I was hit by someone making a left turn into the front of my car.  She "didn't see me" because she was looking for a parking place.  She was cited for making a dangerous left turn, for being uninsured, for driving with a suspended license and for endangering the life of a minor.  No one in her car was hurt, thank goodness.

Now, almost two weeks later, I am still without a car.  I'm trying to be patient.  I'm trying to understand that my insurance will pay for her mistaken judgement because she doesn't have any.  I have forgiven her but the experience is one I'm having trouble letting go of.
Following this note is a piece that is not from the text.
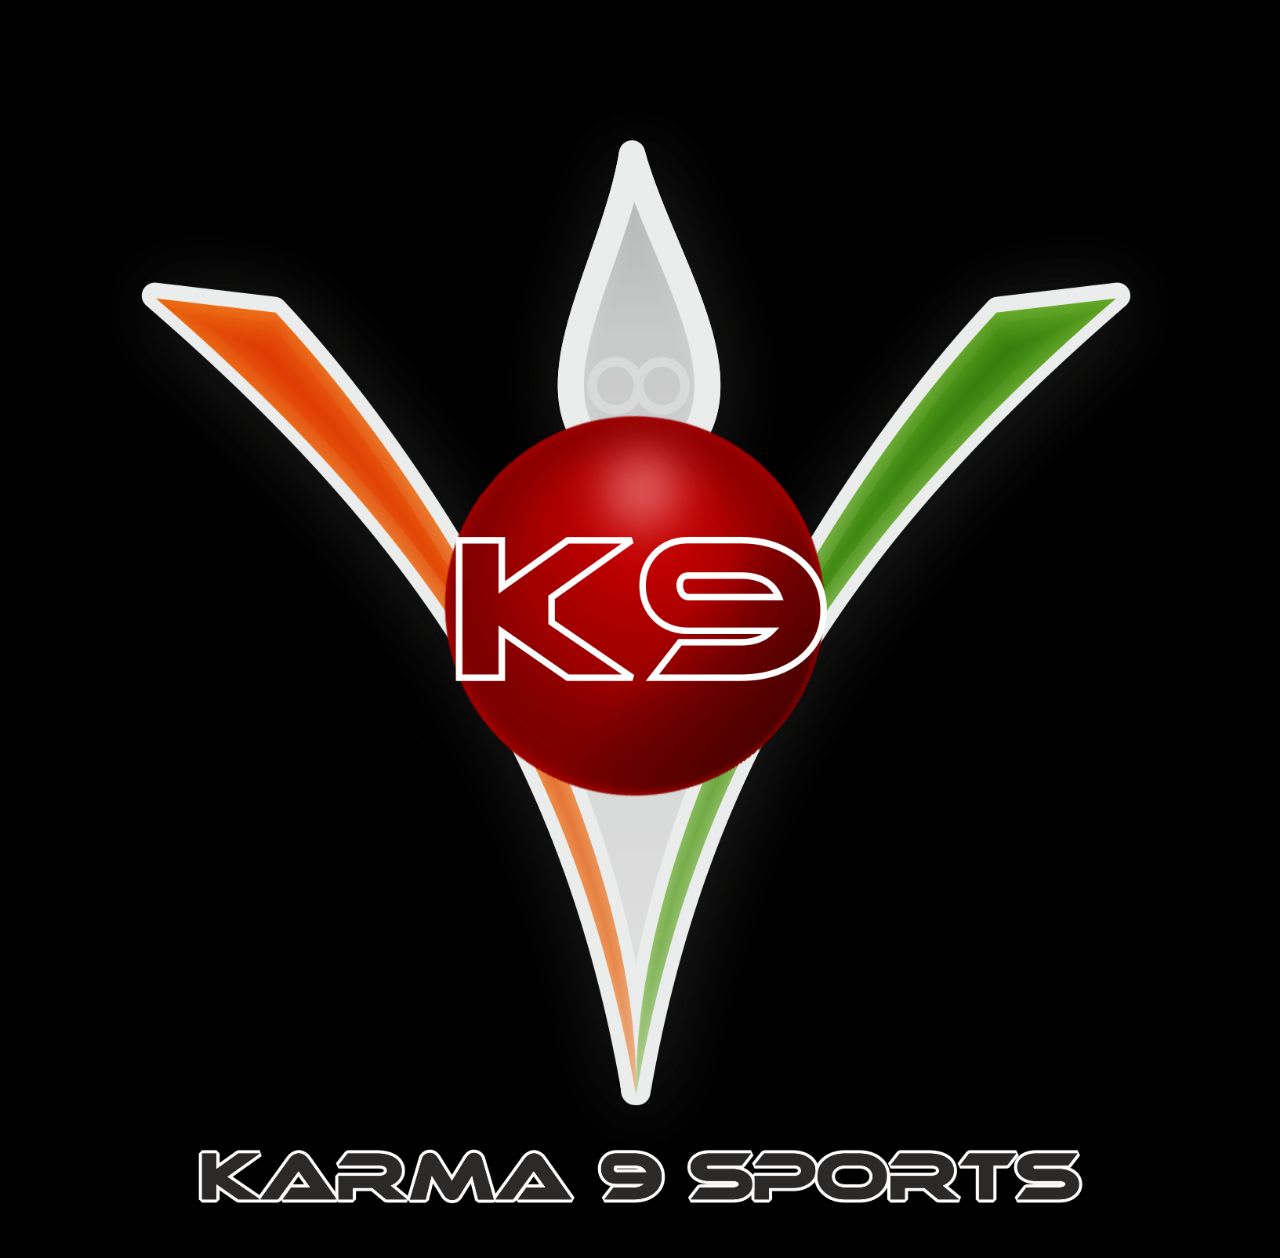 Karma 9 Sports

You can help yourself and me by driving extra carefully from here on.  Understand that you can be hit and not even see it coming.  That was the scary part.

Thursday, January 2, 2014

Found Dog!


The doorbell just rang.  It was Amy and her family with KOBE!  That little dog had gotten as far as Chapin Park where a good lady picked her up yesterday.  She took her to the vet and then posted on Craig's List which Amy and Alicia decided to check one more time before they went to bed.  They saw the post, called the lady and went right over to pick her up.  Then they came over here to share the good news.  I am SO grateful that she's been found.  Go hug your own dog again and be sure she's chipped, ID-ed and collared.  Glory BE!!!!!

Lost Dog

Amy and her family left their dog, Kobe, in our care while they spent the first few days of the new year at the Coast.  Around noon on New Year's Eve, she escaped from our backyard and went on a journey of her own making.  We began the search.  The neighbors alerted all the vets in the area and I got into touch with Dog Services of Clackamas County.  Pat and the neighbors spent hours searching for her and talking to everyone they ran into. 

Kobe is a 13 year old Shiba inu.  She looks like a small Akita dog and she resembles a little caramel colored fox.  Even though she's old, she has a cute puppy look about her.  She is skittish around crowds and people and does not obey the "Kobe, come!" command very well.  She is throwing her coat so she looks a little tattered if she isn't brushed often.  She is a beloved pet and has plenty of life left in her.

This story lacks a happy ending.  As of today, there has been not a single sign or clue about her whereabouts. We can only hope that some nice dog lover coaxed her into their care and that she is warm and safe with another family.  And we advise all our friends and relatives to make sure your pet has a chip, a collar and and an ID tag.  Give your pet an extra hug tonight in Kobe's name.